*Data excerpt*:
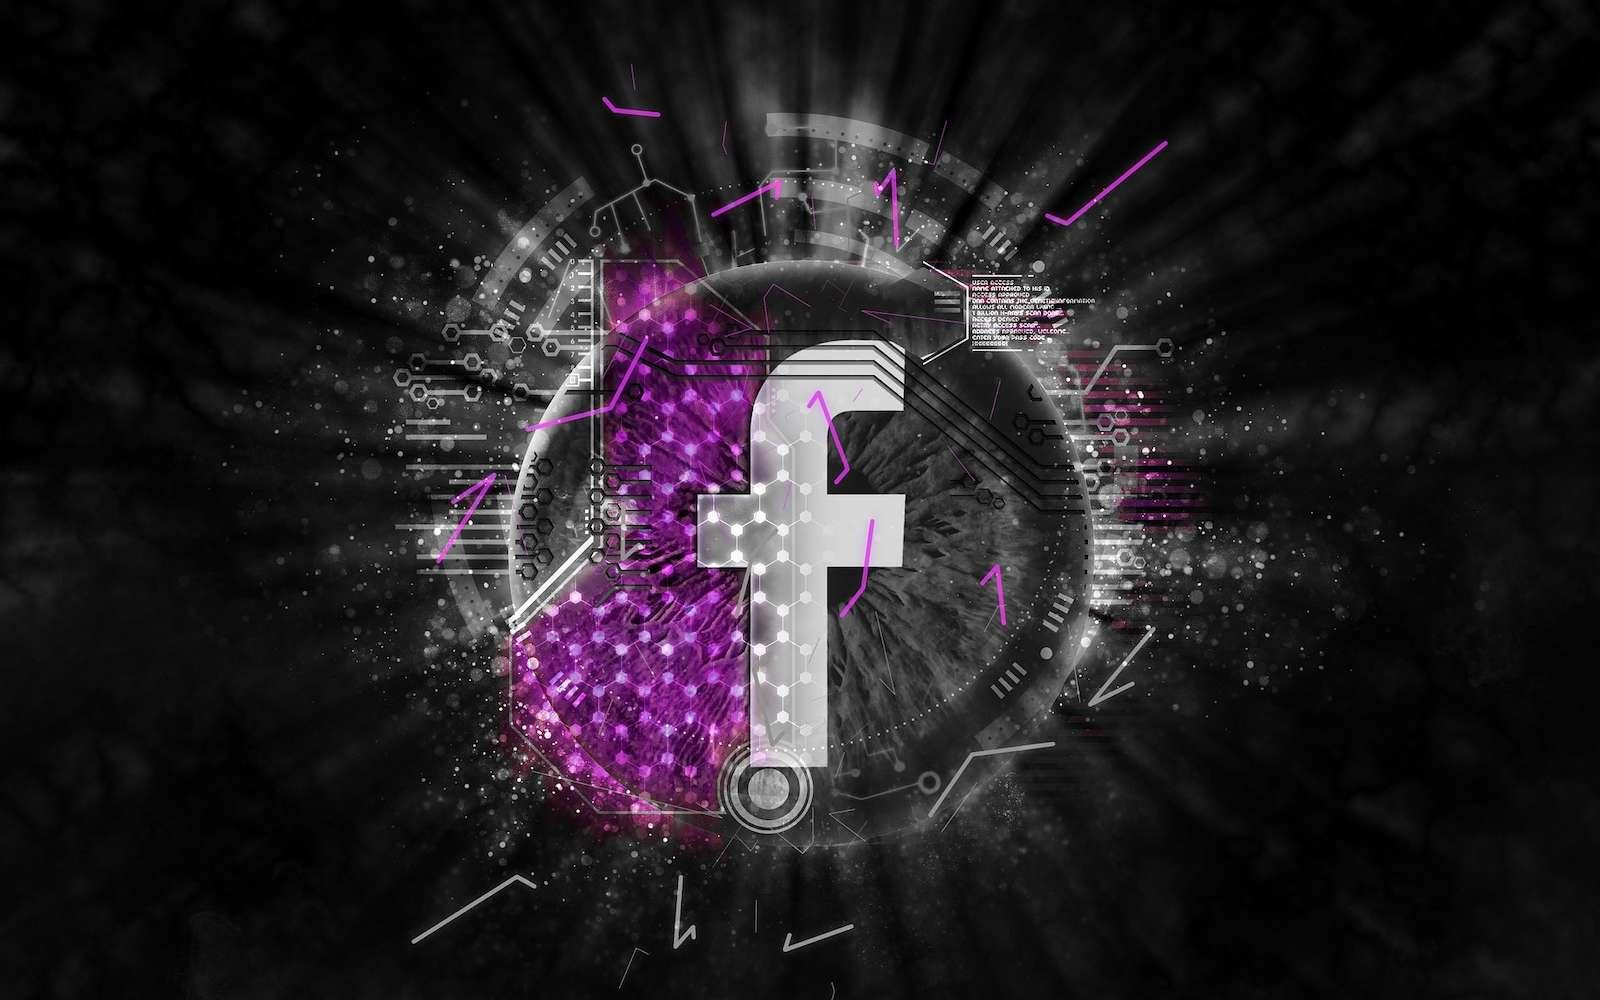 Facebook va demander l'aide de trois universités pour créer des filtres permettant de détecter des images violentes dans des montages vidéo. © Pixabay, DigitalArtist
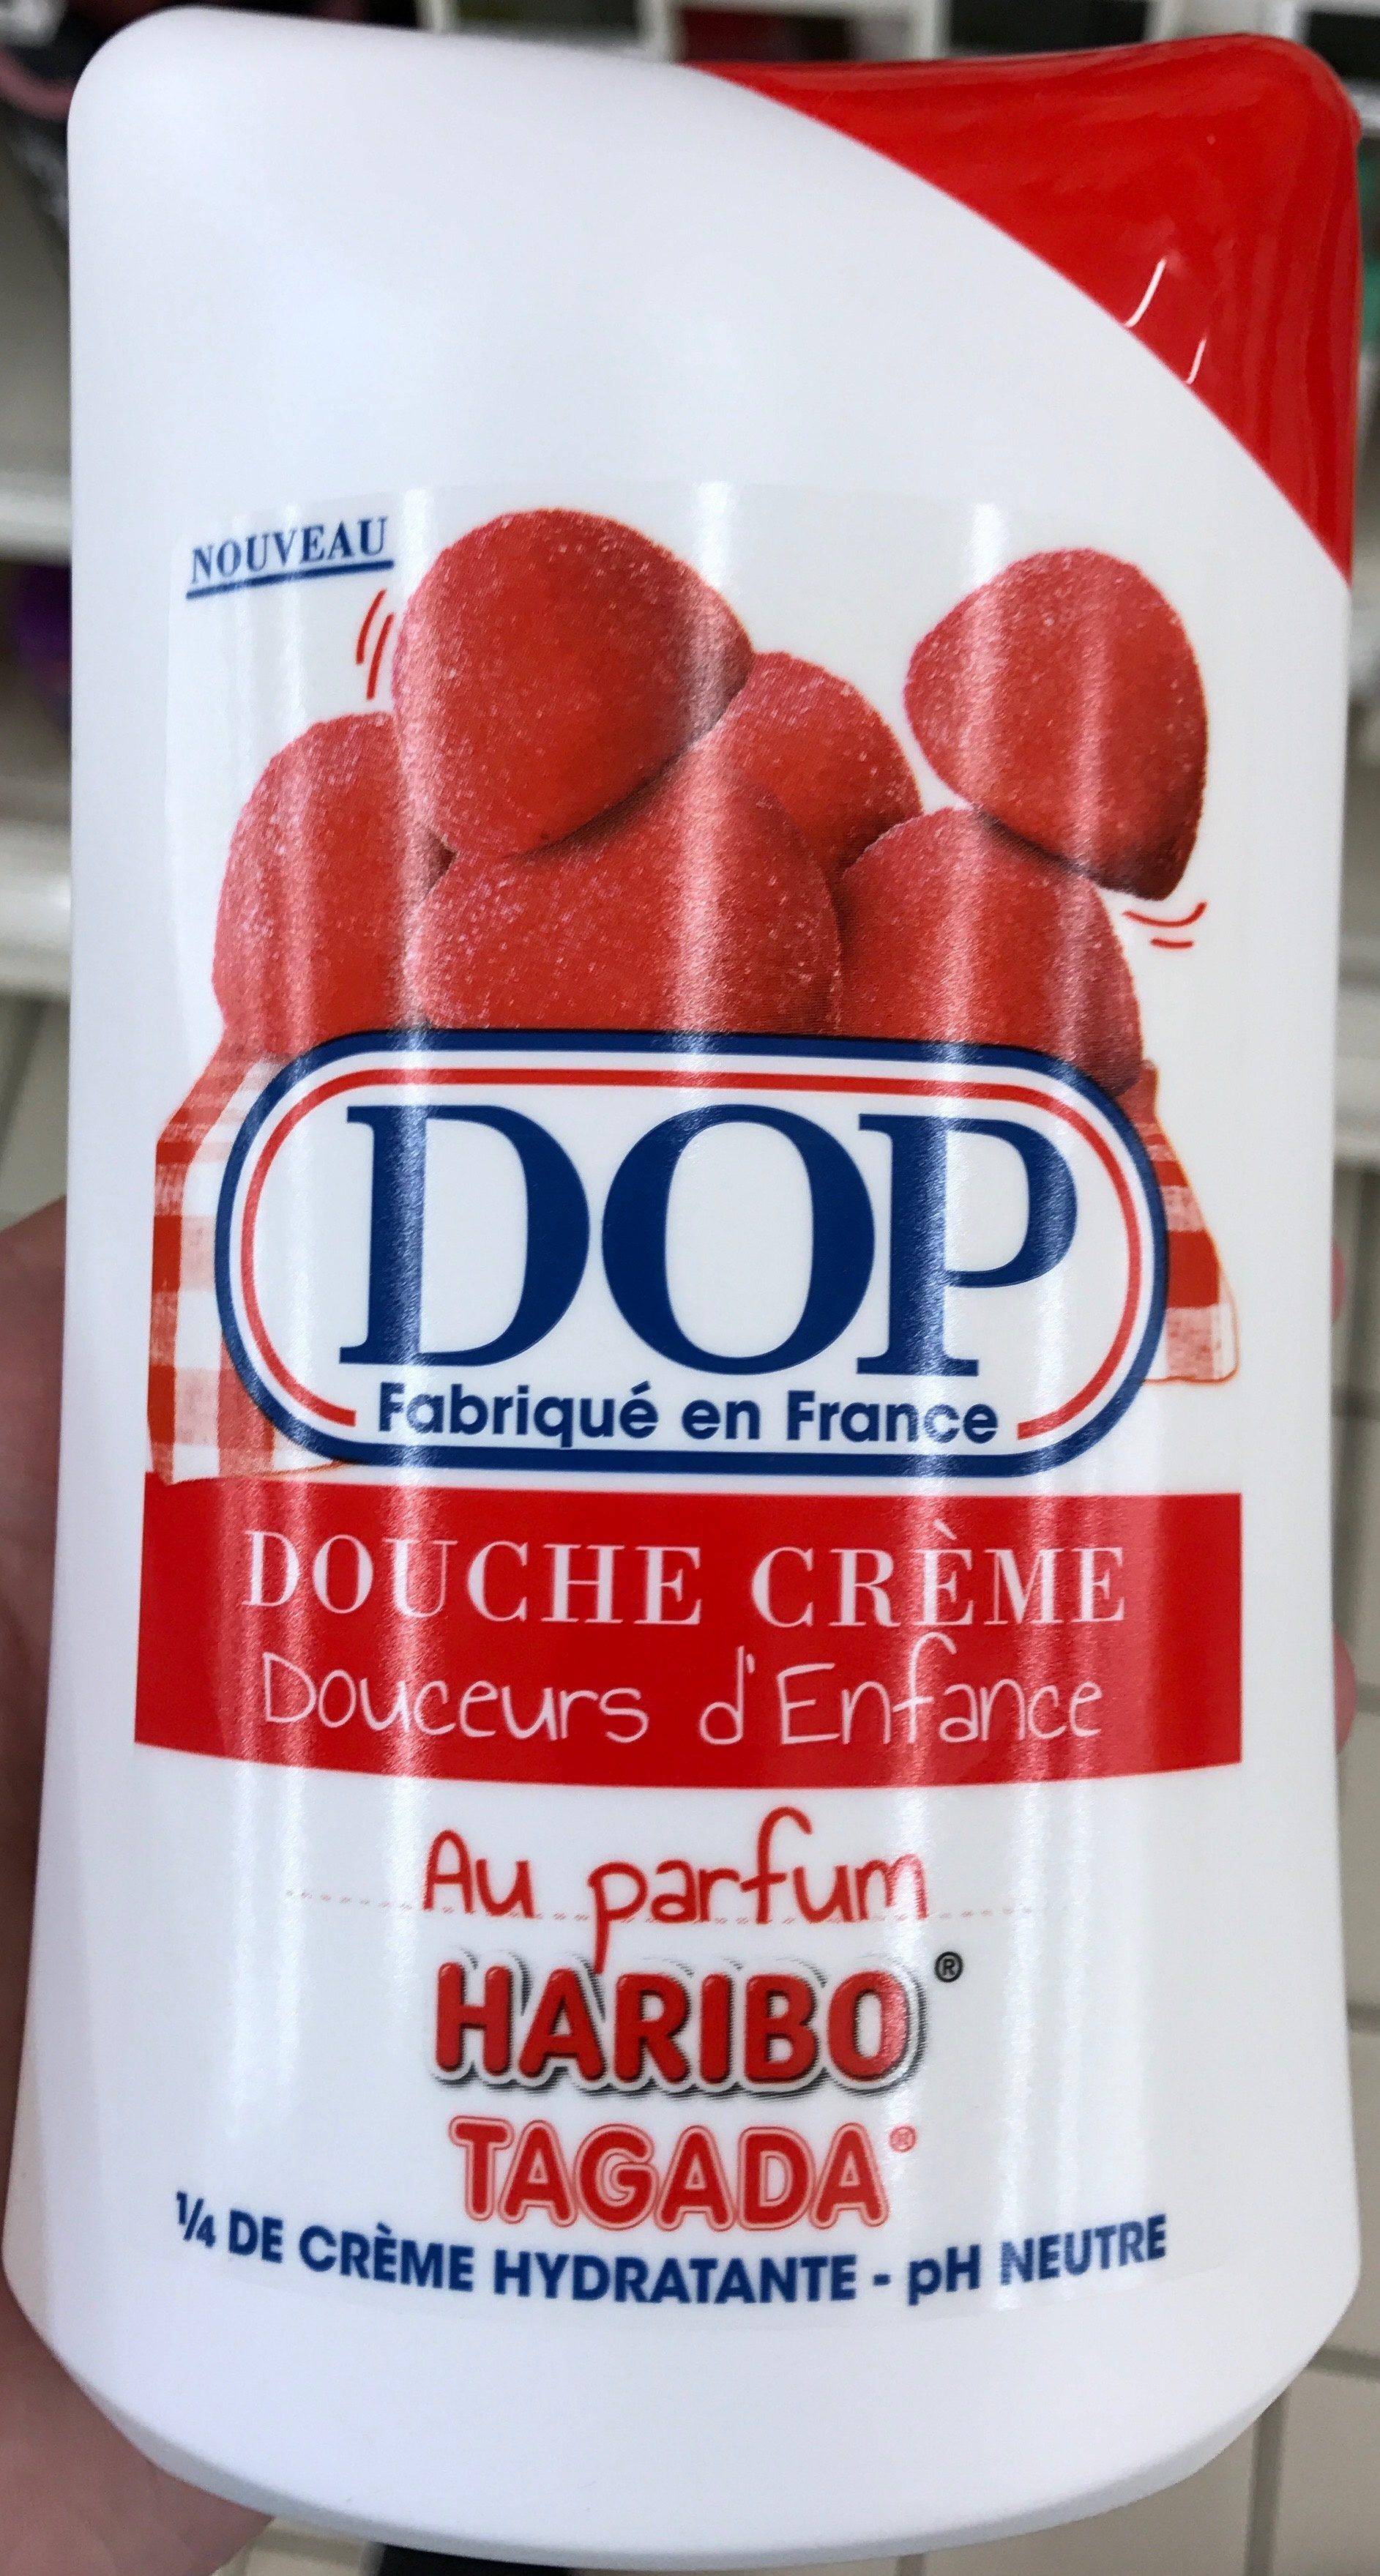 Douche crème Douceurs d'Enfance au parfum Haribo Tagada - Product - fr
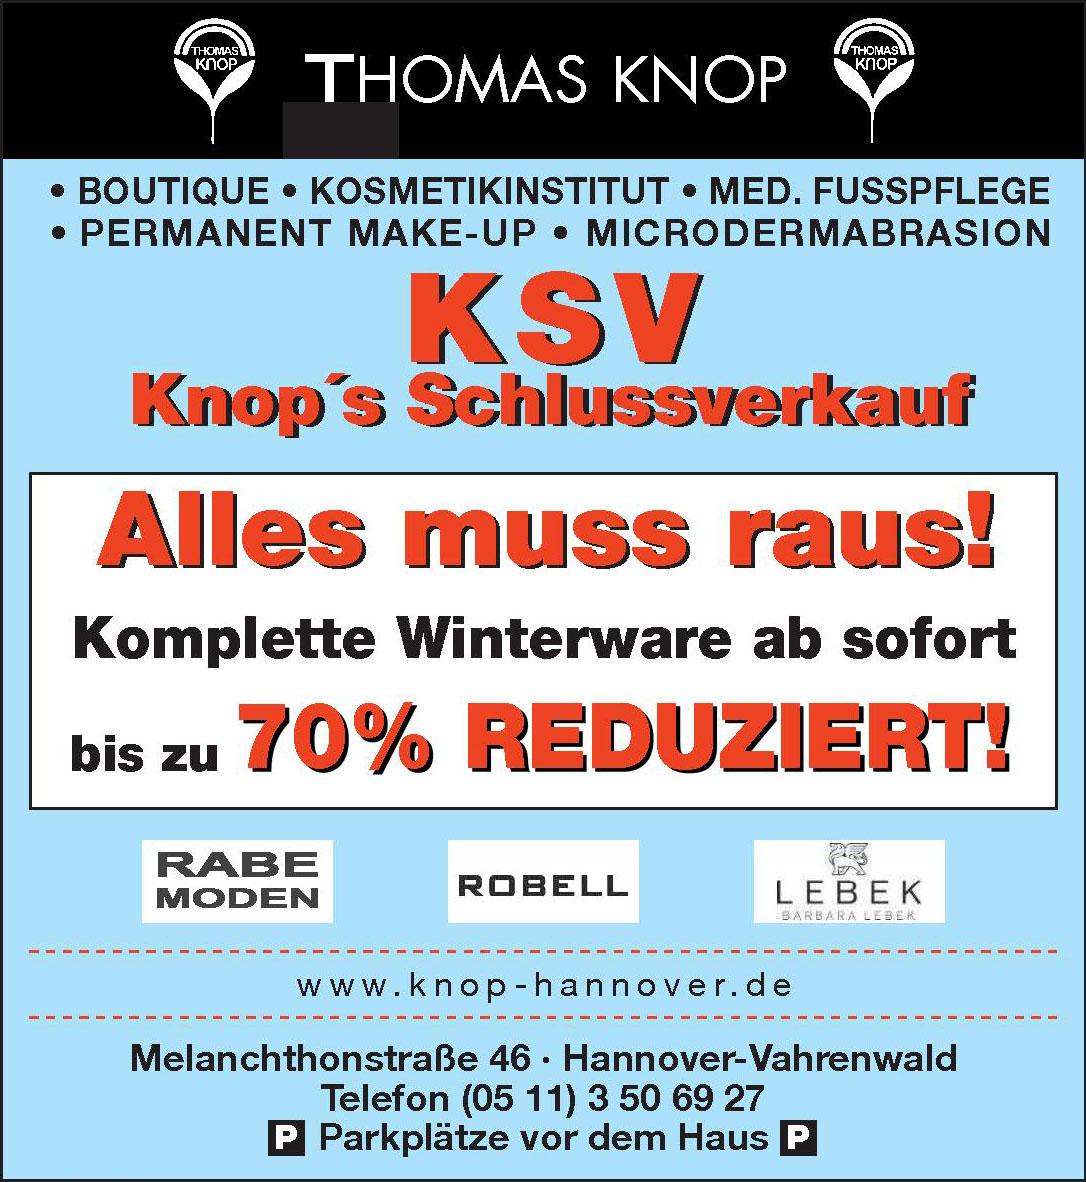 Thomas Knop
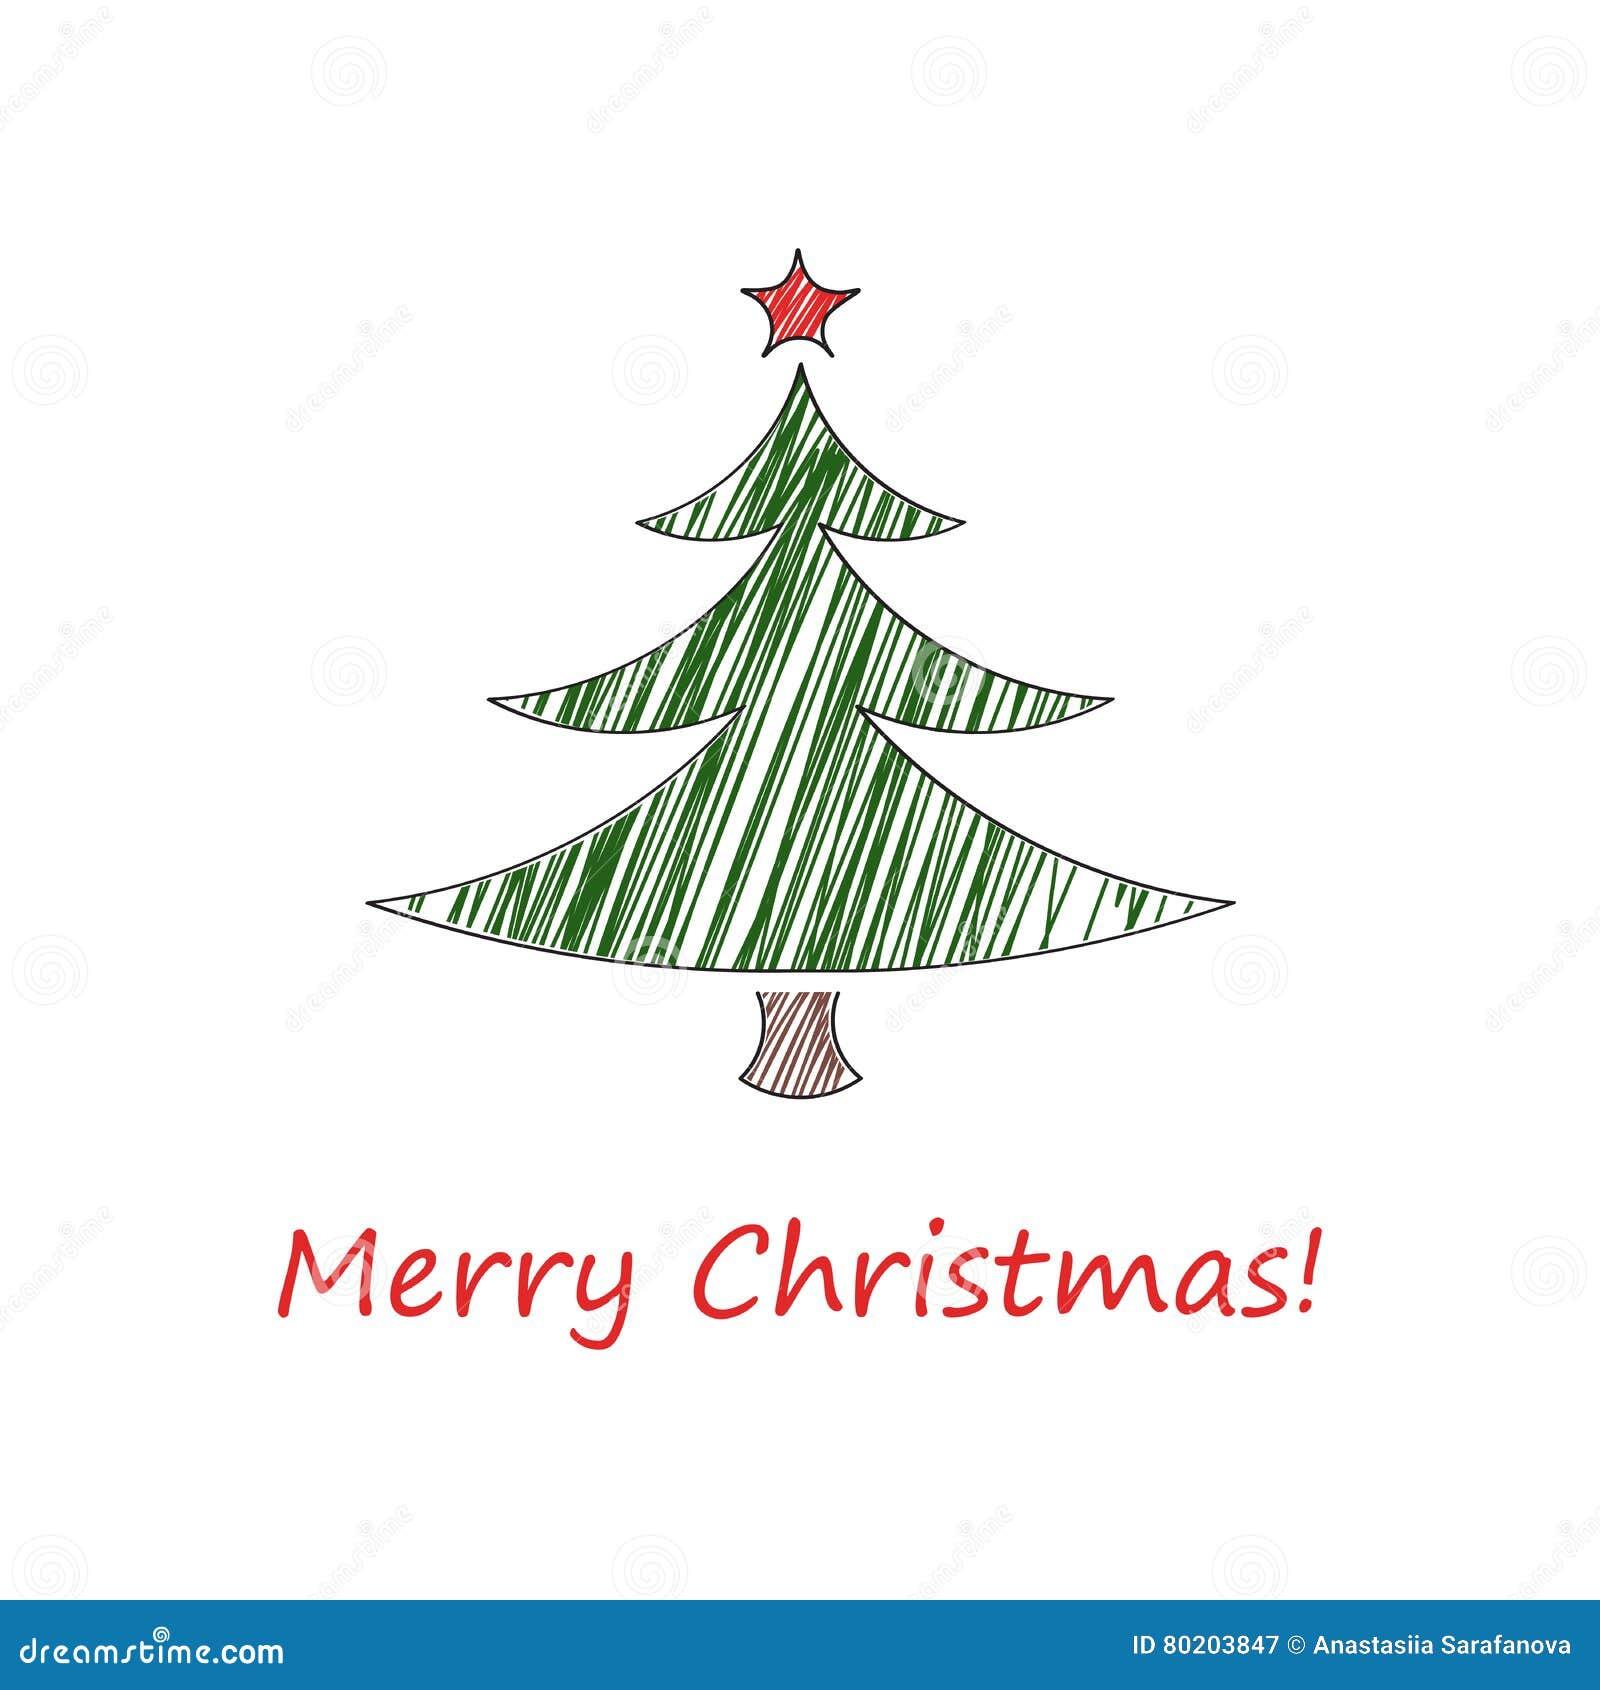 Tannenbaum Diagramm.Skizze Der Weihnachtskarte Tannenbaum Mit Einem Roten Stern Und Mit

*What to do*: Beginning with the line containing "Douche crème Douceurs" and ending with the last line of the data, output those lines exactly and nothing more. Omit every picture.

*Task result*:
 Douche crème Douceurs d'Enfance au parfum Haribo Tagada - Product - fr
 Thomas Knop
 Tannenbaum Diagramm.Skizze Der Weihnachtskarte Tannenbaum Mit Einem Roten Stern Und Mit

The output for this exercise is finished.